Interior Secretary Ryan Zinke had a busy day on March 23, at least according to his official Twitter account. That day, he announced “Doggy Days” at the department, visited with staff at the Bureau of Reclamation, and met astronaut Jeff Williams. But Secretary Zinke’s day was even busier than his social media sharing lets on.

A calendar released under the Freedom of Information Act reveals several events Secretary Zinke didn’t highlight publicly, including a meeting with Idaho Gov. Butch Otter and an address to the board of directors of what appears to be the American Petroleum Institute (API). The API meeting was held at a notable location: President Trump’s Washington, D.C. hotel.

As the Washington Post’s Juliet Eilperin reported, Secretary Zinke’s calendars for March and April show he “spent much of his first two months in office meeting with energy and other industry groups.” Only the API meeting, however, was held at a venue that profits Secretary Zinke’s boss, President Trump, who still owns 77.5 percent of the hotel through a trust to which he is the sole beneficiary.  

The API meeting is far from the only time a special interest group seeking to influence government policy has patronized President Trump’s private businesses. In April, for instance, the National Funeral Directors Association, which employs lobbyists, hosted a fundraiser for its political action committee at President Trump’s D.C. hotel. It is less common, however, for a Trump administration official to participate in such a gathering.

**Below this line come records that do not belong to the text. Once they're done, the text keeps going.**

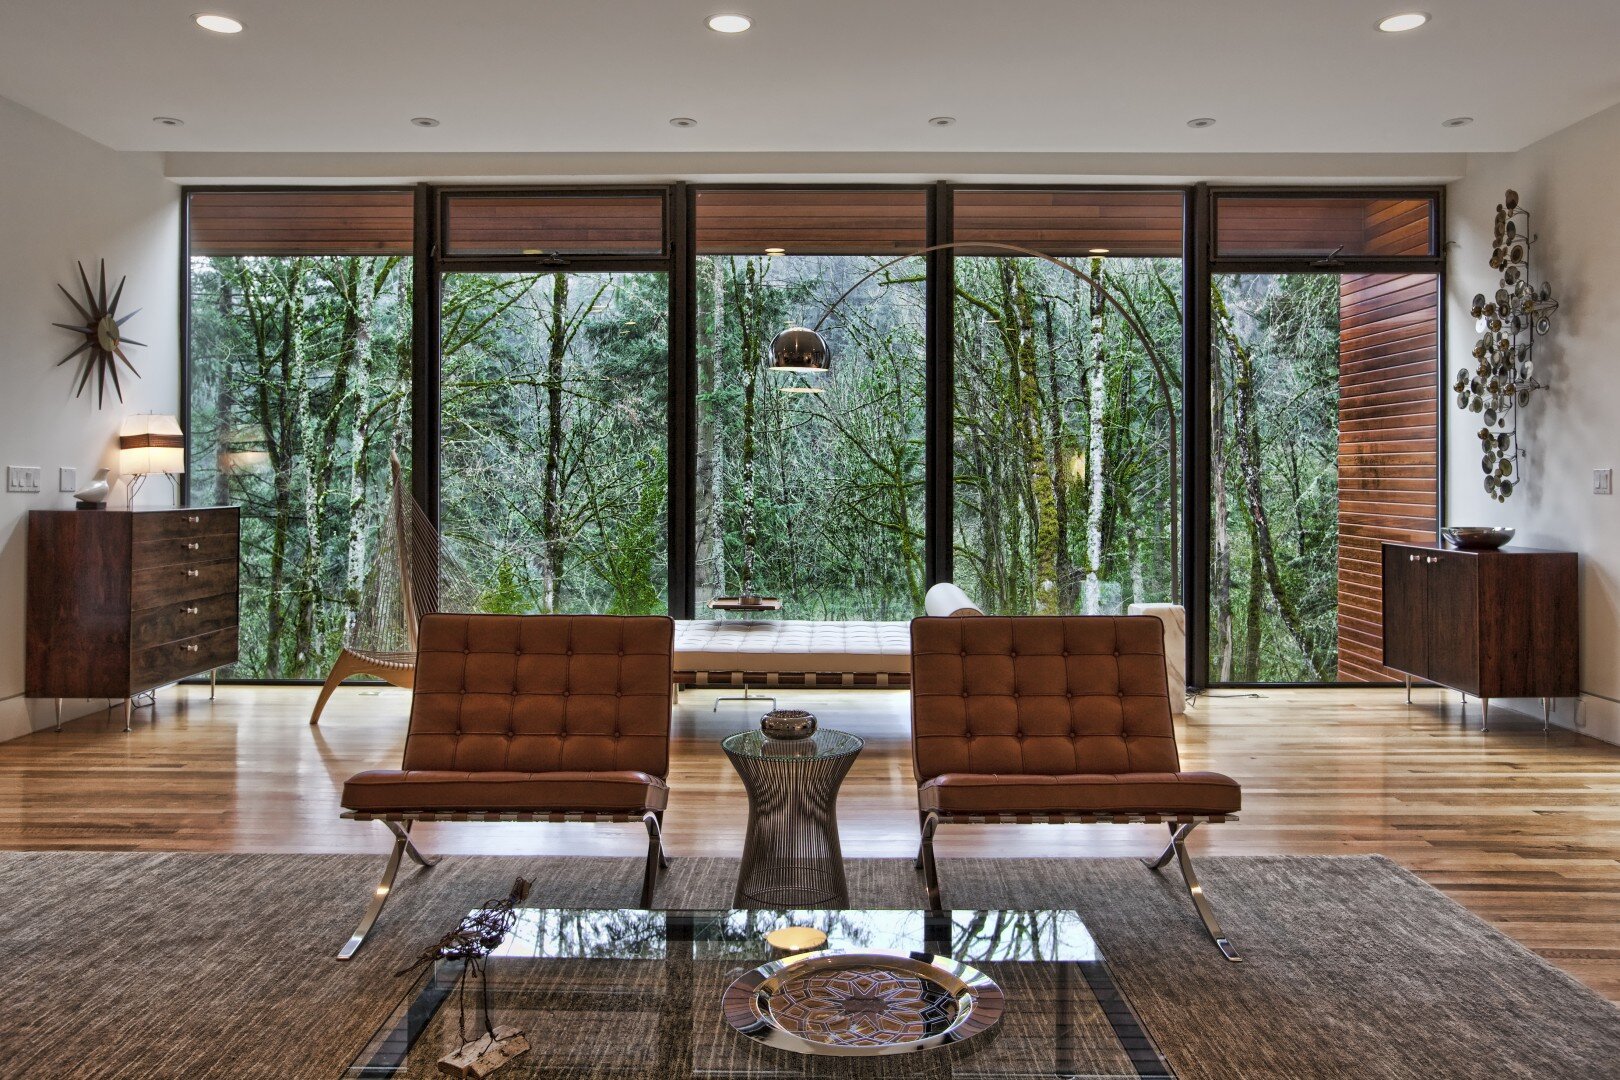 Hoke residence - house in the forest
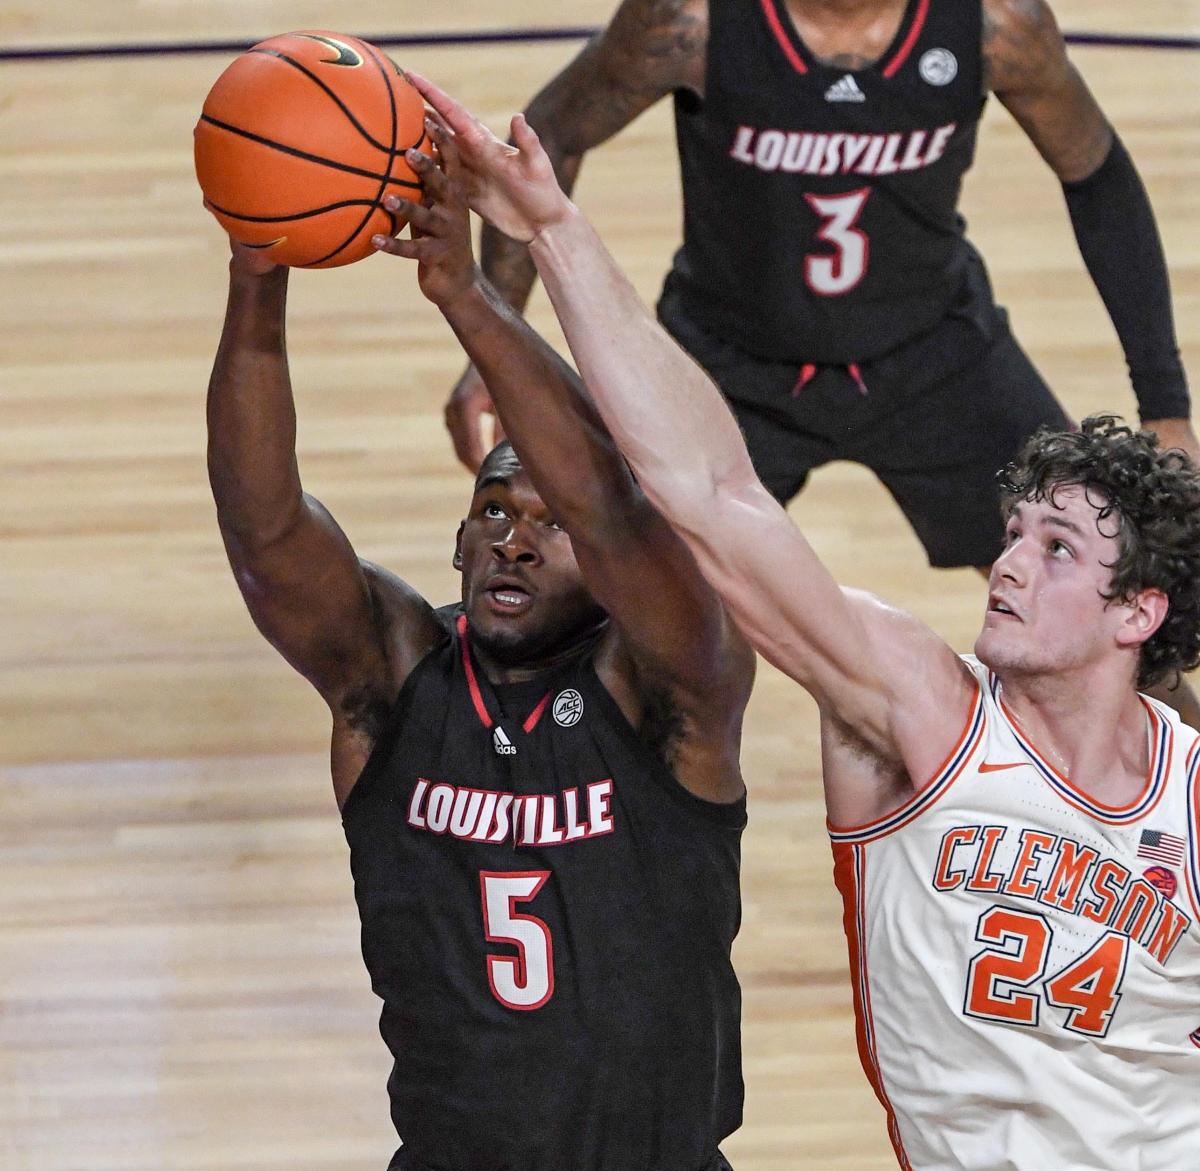 Louisville vs Clemson basketball game How to watch, stream and follow
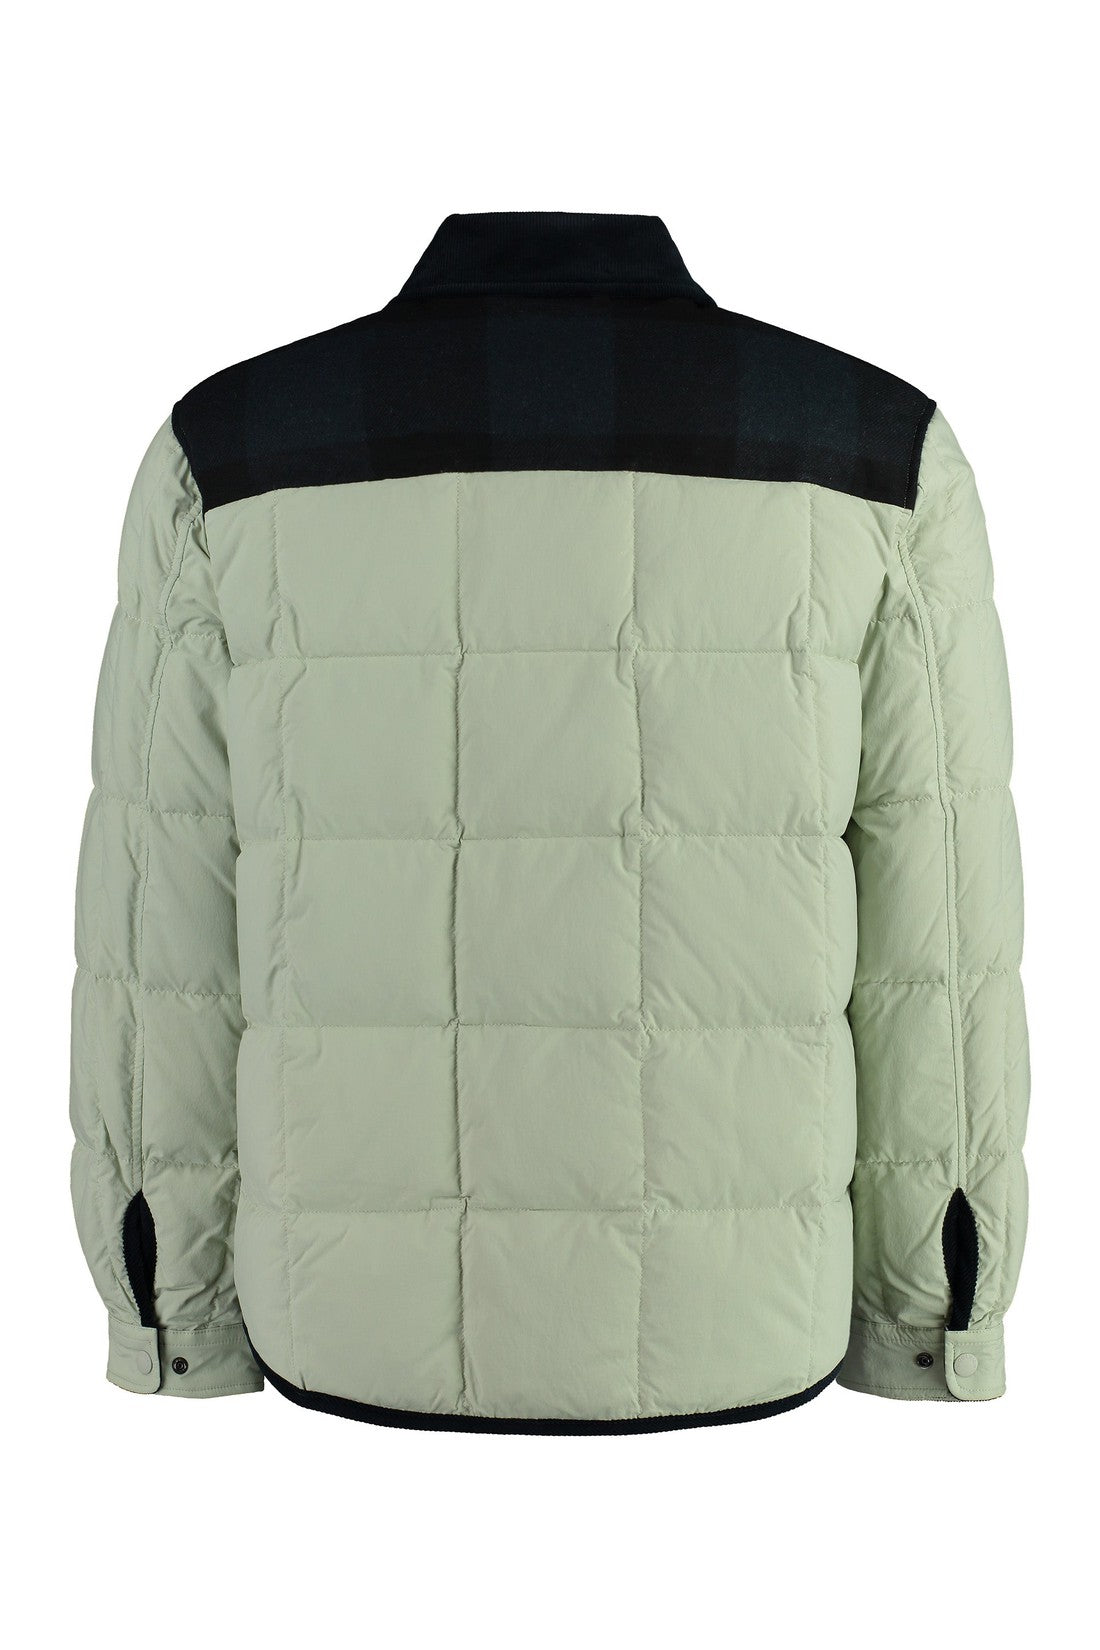 Woolrich-OUTLET-SALE-Heritage Terrain padded jacket-ARCHIVIST
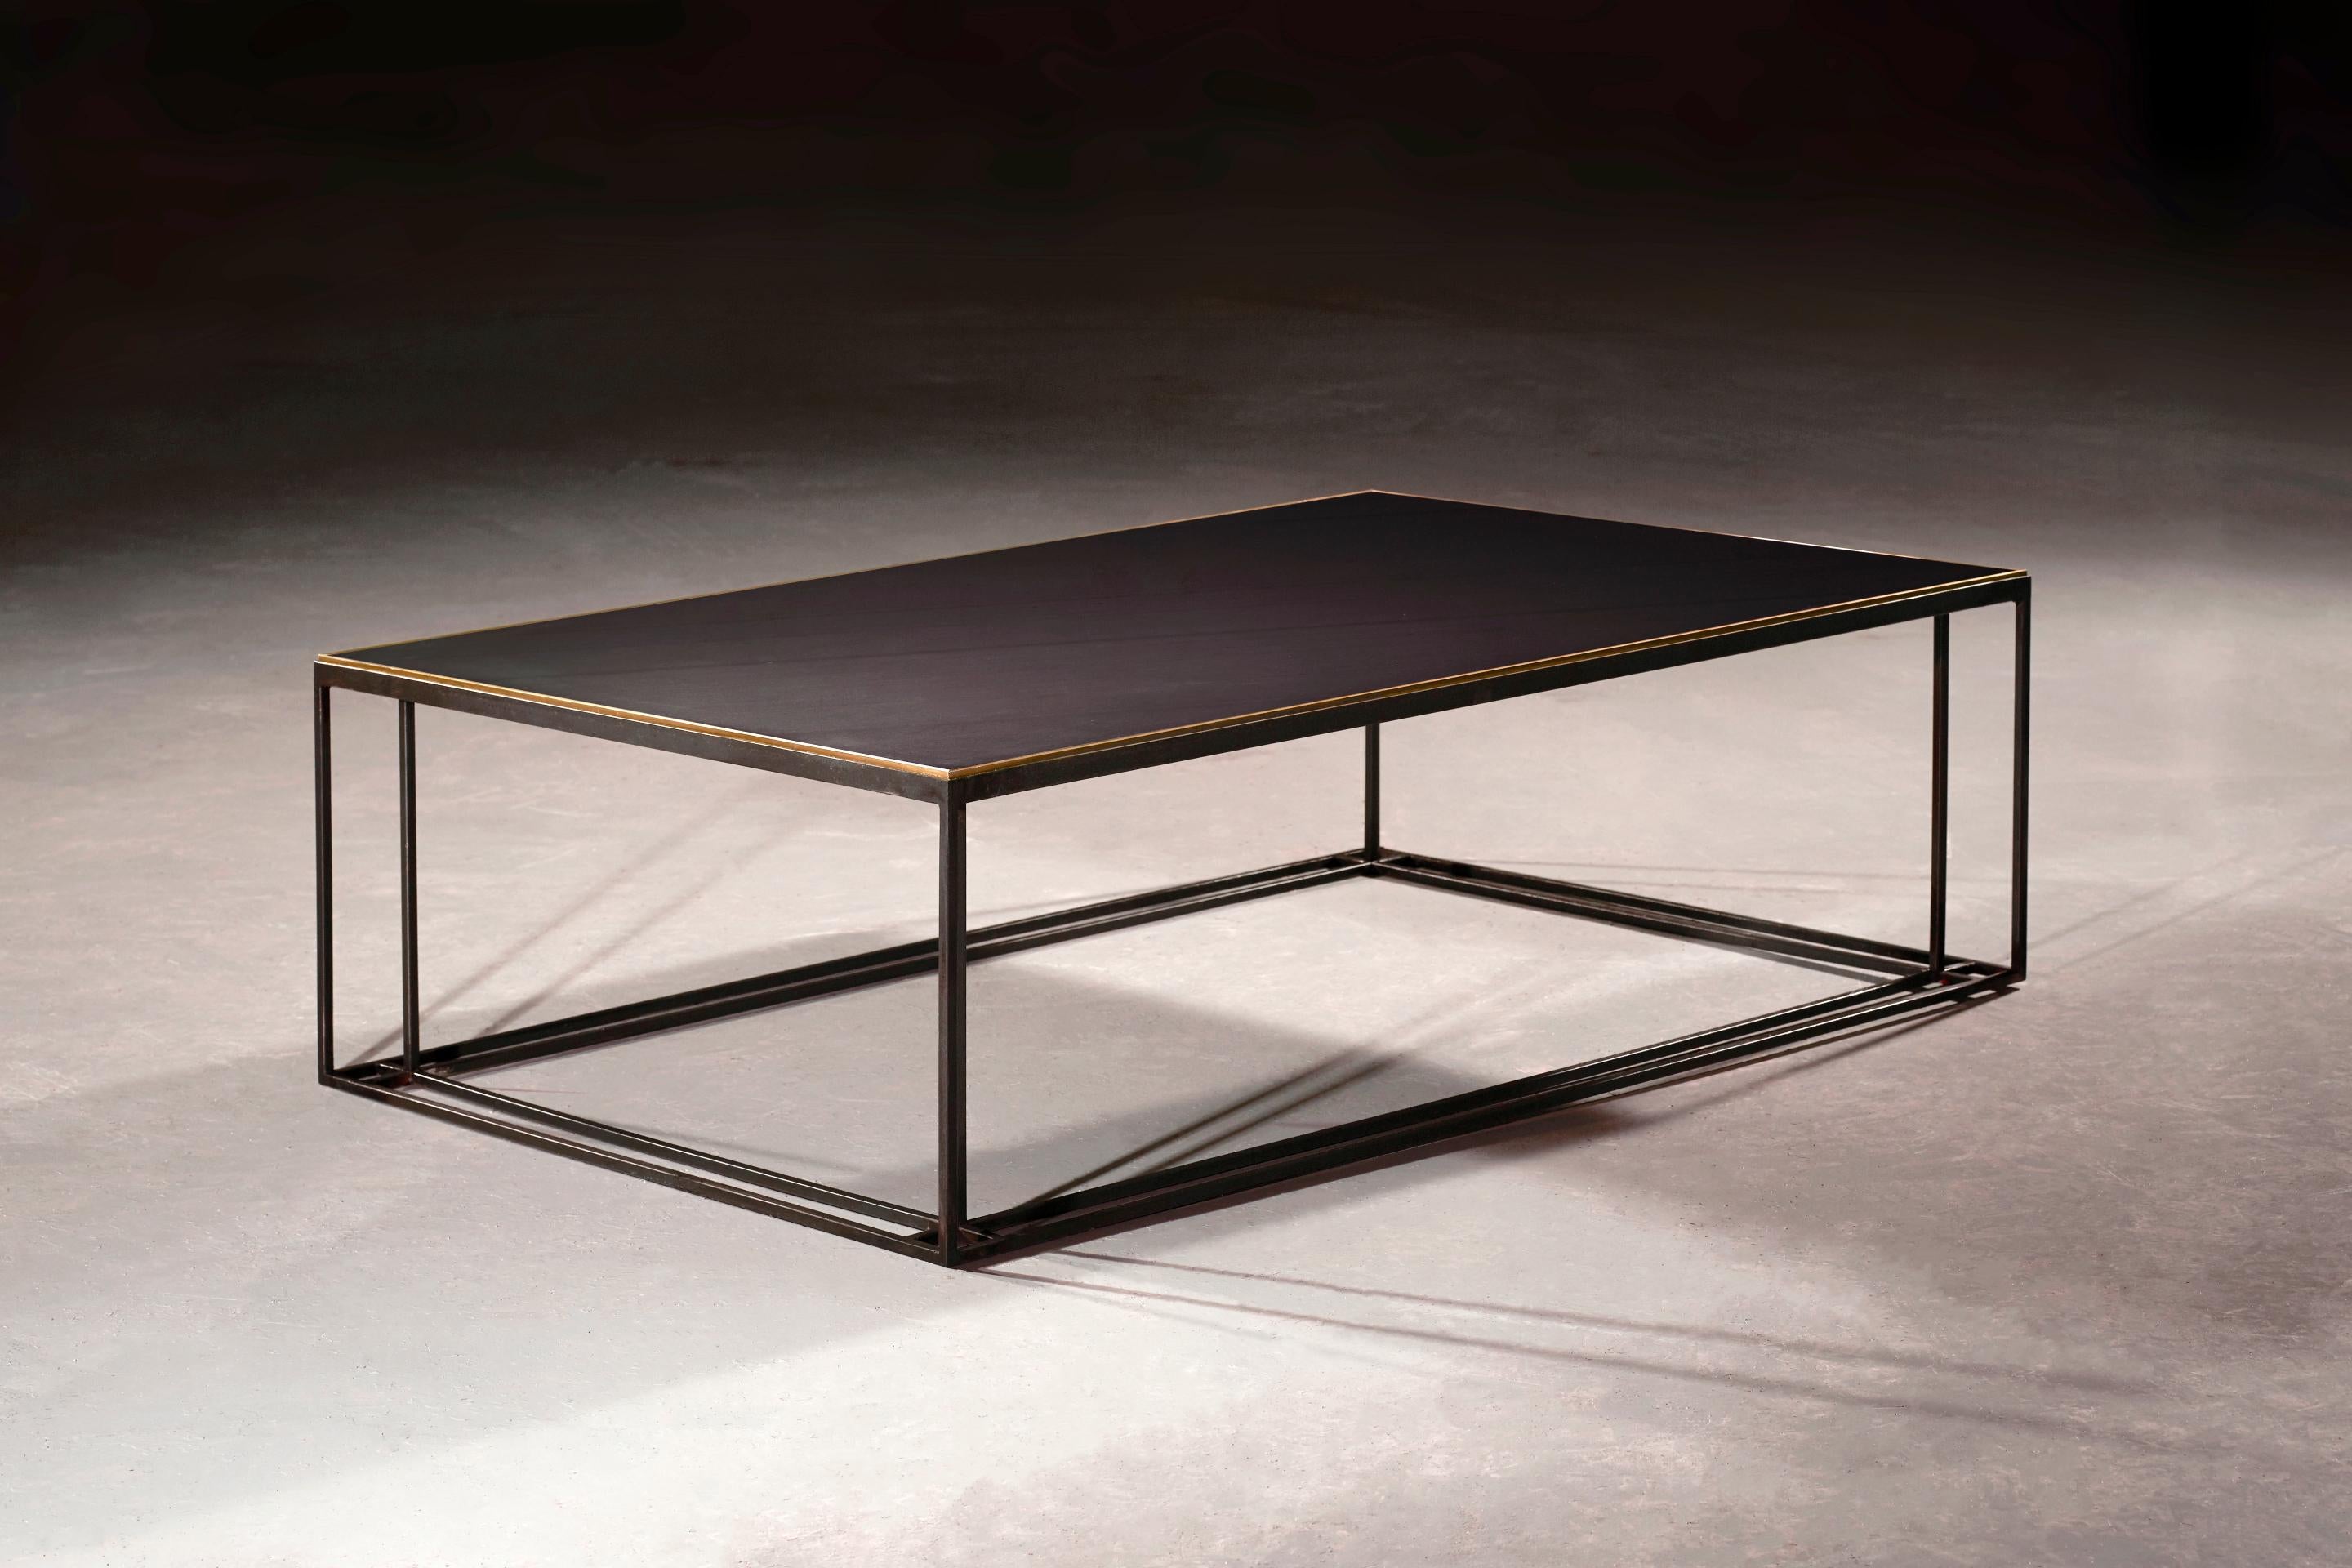 Slate handcrafted coffee table and signed by Novocastrian
Materials: Coffee table in blackened steel and honed Cumbrian slate.
Measures: 120cm (length) x 80cm (width) x 35cm (height).

Novocastrian

We are metalworkers, architects, welders, artists,

While the disclosure of the calendar sheds light on the existence of Secretary Zinke’s meeting with API, much about the meeting is still unknown. For instance, it is unknown how much the massive energy industry lobbying group spent to hold its board meeting at Trump International Hotel – Washington, D.C., because the Trump hotel does not list prices for meeting spaces on its website. The Washington Post, however, has previously reported that events at the D.C. hotel can cost more than $100,000 for organizers.

It is also unknown who from the oil and gas industry, exactly, attended the meeting with Secretary Zinke, who received $158,491 in campaign contributions from the industry during the 2016 election cycle.  Unlike some of the other meetings listed on the secretary’s calendar (for example, an April 5 meeting with the Board of Directors of the National Alliance of Forest Owners) the calendar entry for the API meeting did not list attendees. The organization’s CEO-led board, however, includes representatives of major oil and gas companies.

API reported spending $2.69 million on lobbying in the first quarter of 2017, which included efforts to influence the Interior Department. In a statement to the Washington Post about meeting with Secretary Zinke, API President and Chief Executive Jack Gerard said “Interior is a critical agency for the natural gas and oil industry, regardless of who is in office.” Gerard added that Secretary Zinke “has been open to constructive dialogue and has shown a willingness to work with all stakeholders.” On the same day Secretary Zinke attended the API meeting, the Interior Department informed a federal court that it would be repealing an Obama-era rule regarding how federal royalties for fossil fuels are calculated. The next day, API issued a press release praising the decision.